Comme d’habitude, al Jazira a annoncé que la vidéo préenregistrée lui a été transmise par des militants d’al Qaîda. Vendredi dans la journée, la rédaction de la chaîne qatarie était mise au courant de la diffusion imminente d’un nouvel enregistrement. Elle a précisé que « des diplomates américains basés à Doha » avaient eu entre les mains, le jour même, une copie de cet enregistrement. Un porte-parole de la Maison Blanche a confirmé que Condoleezza Rice, conseillère à la sécurité nationale, avait prévenu le président Bush de son existence. Les autorités américaines ont fait savoir à la chaîne de ne pas diffuser la vidéo, pour qu’elle « ne serve pas de relais à des terroristes qui appellent à tuer des innocents ». Sur son site Internet, la chaîne a déclaré qu’elle a refusé de "céder". Au moment de la diffusion, le directeur d’al Jazira, Uattah Khenfar était « en vacances », et le chef des correspondants, Mohammed Safi, était injoignable. Quant aux journalistes, ils ont été priés de ne pas « communique » avec la presse étrangère.

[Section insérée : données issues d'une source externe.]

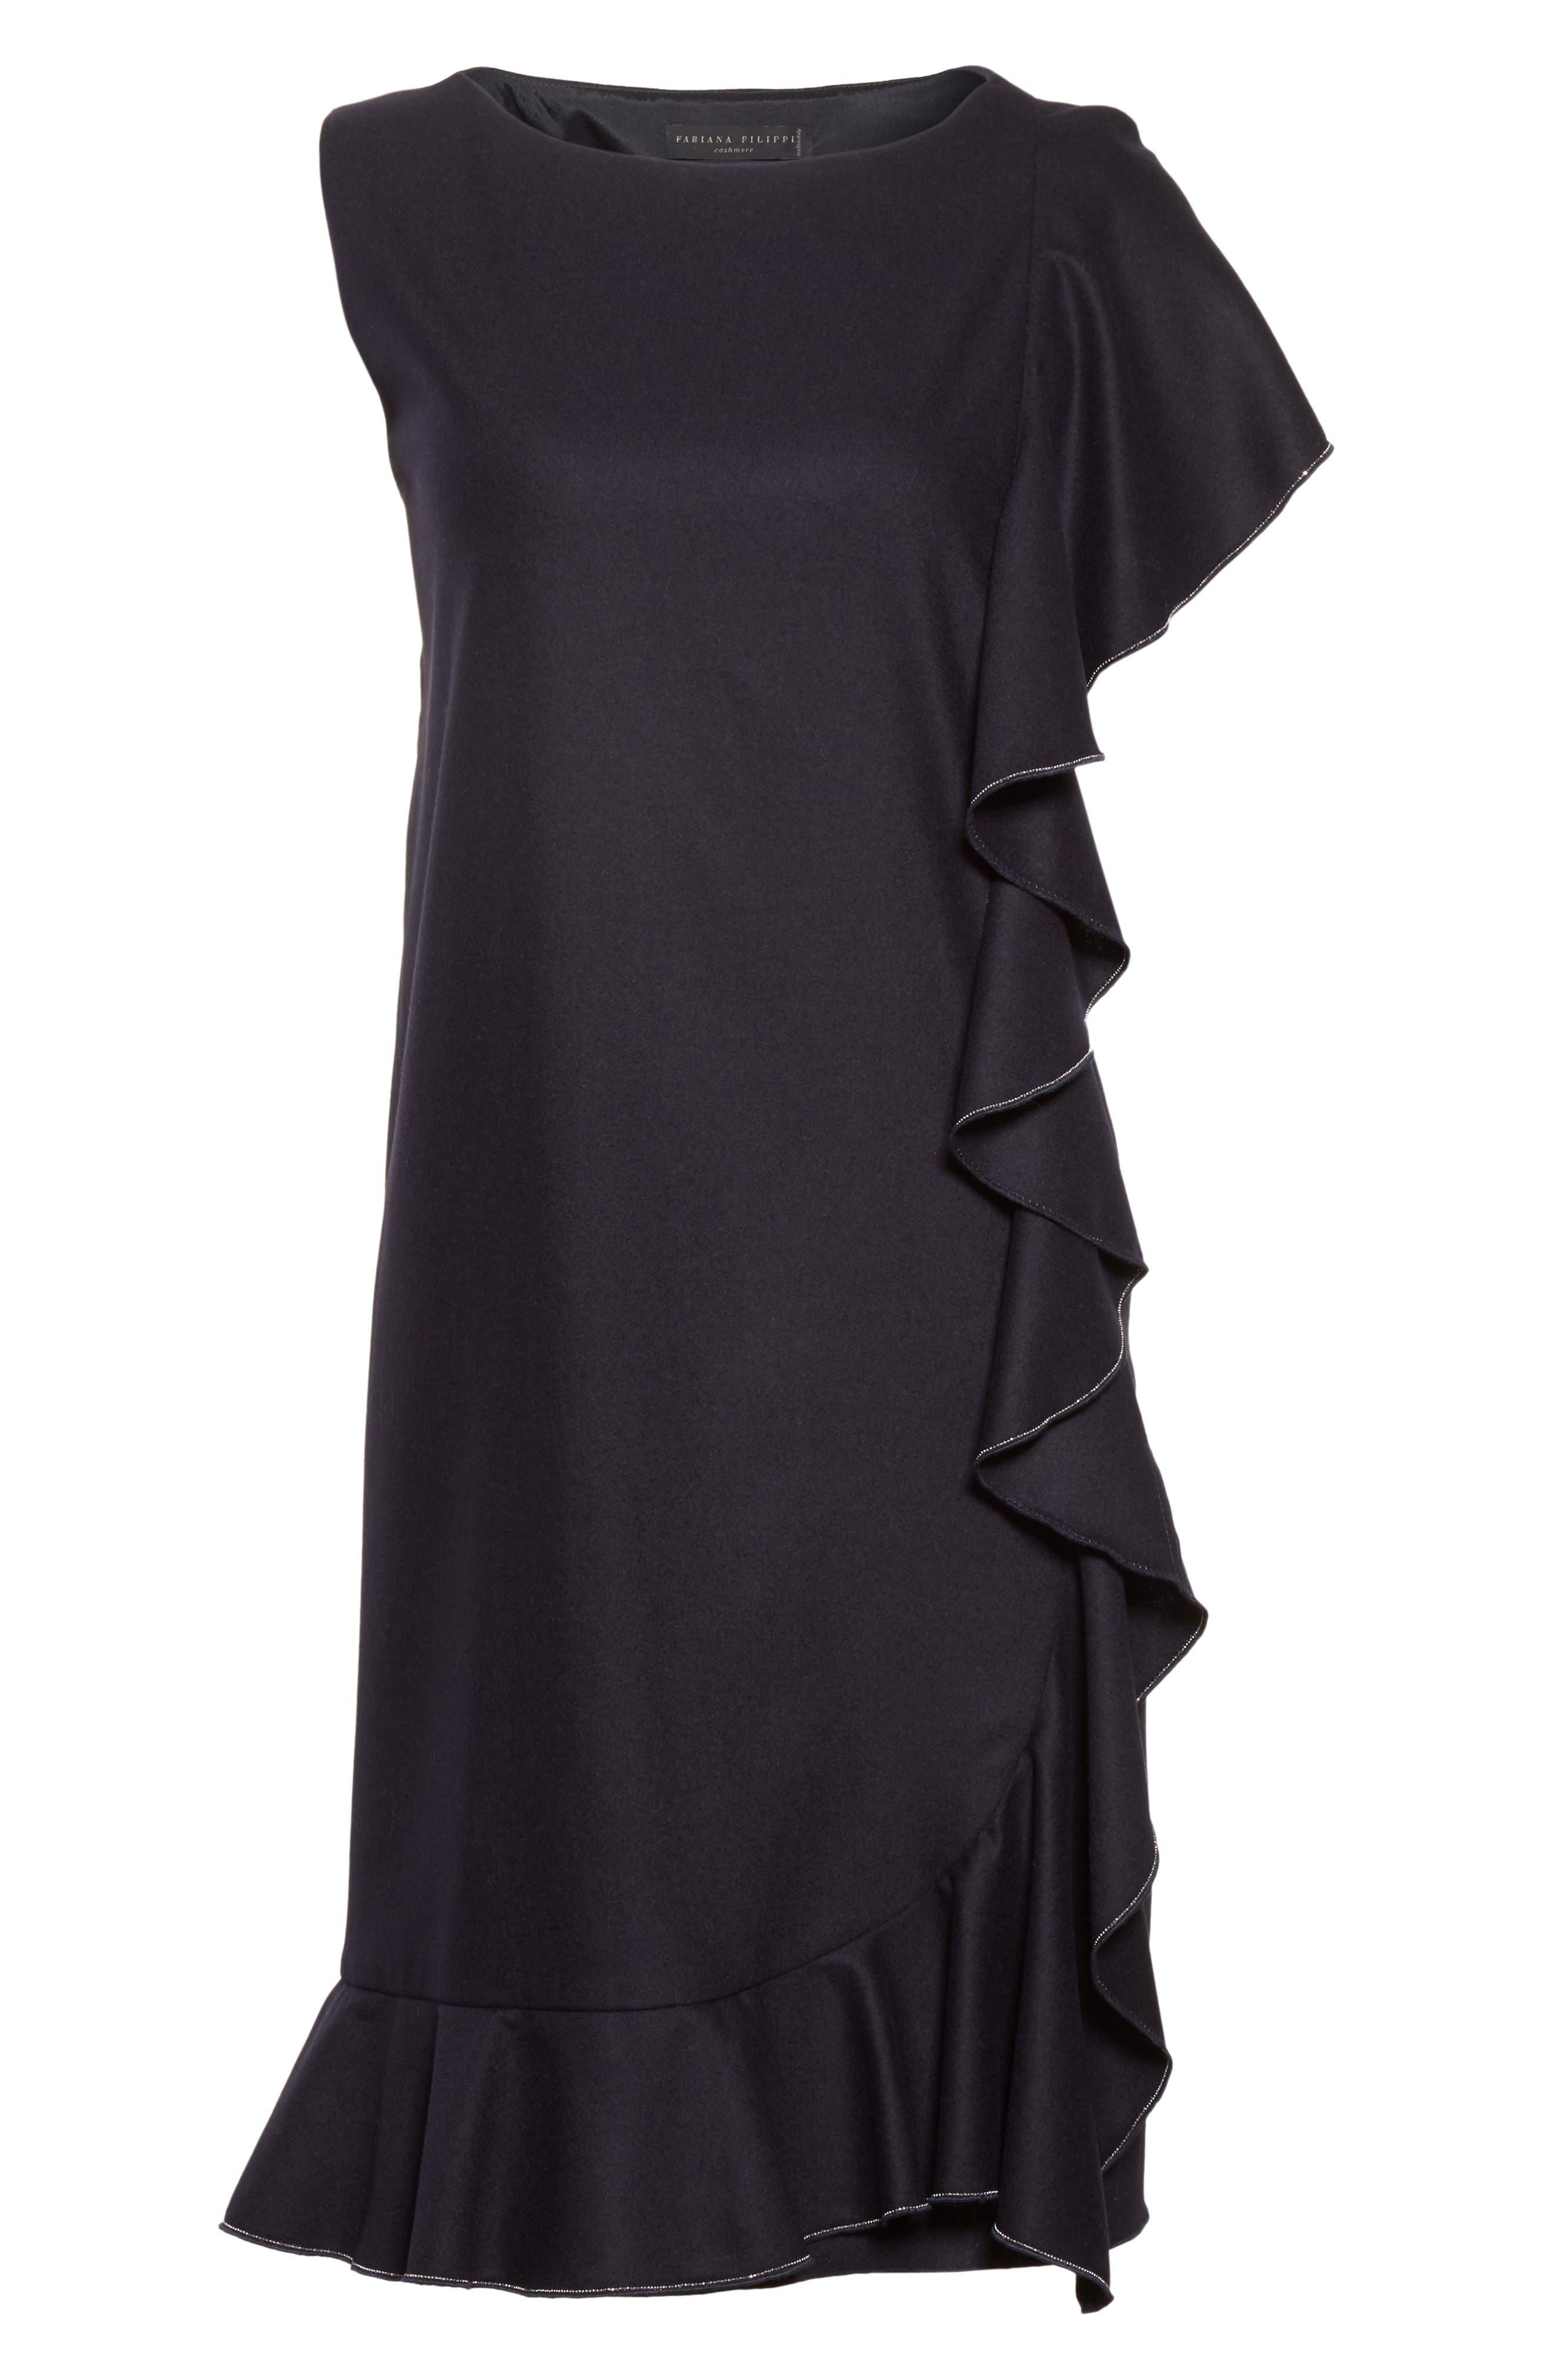 FABIANA FILIPPI,                             Stretch Wool & Cashmere Ruffle Dress,                             Alternate thumbnail 6, color,                             400

La coopération entre Al-Jazira et CNN continue. La chaîne américaine, liée par « un contrat d’exclusivit » avec sa consœur arabe, a très vite repris les images d’Usama bin Laden, commentées par la journaliste « spécialiste des médias arabes » de la chaîne d’Atlanta, Octavia Nasser, d’origine libanaise. Pendant toute la guerre en Afghanistan, elle s’occupait alors de choisir pour CNN les images que la chaîne arabe recevait de Kaboul.

Les principales vidéos de bin Laden diffusées par al Jazira

4 octobre 2001 : Images non datées d’Usama bin Laden, en tenue militaire, devant une cinquantaine de militaires cagoulés, dans les montagnes, revendiquant les attentats du 11 septembre. A sa droite se tient Ayman al Zawahri, le leader du djihad égyptien.
7 octobre 2001 : Assis en tailleur, bin Laden, armé, annonce que l’Amérique « ne connaîtra plus jamais la sécurité », alors que l’attaque contre l’Afghanistan des talibans vient de commencer.
9 octobre 2001 : « La tempête des avions ne cessera pas », proclame al Qaïda. Le porte-parole Sulayman Abu Ghaïth déclare en présence dUsama bin Laden et Ayman al Zawahri que « le djihad est devenu un devoir incontestable pour tout musulman… »
3 novembre 2001 : Nouvelles menaces d’Usama bin Laden, sur une vidéo expurgé de certains gestes et expressions, diffusée au moins trois jours après sa réception.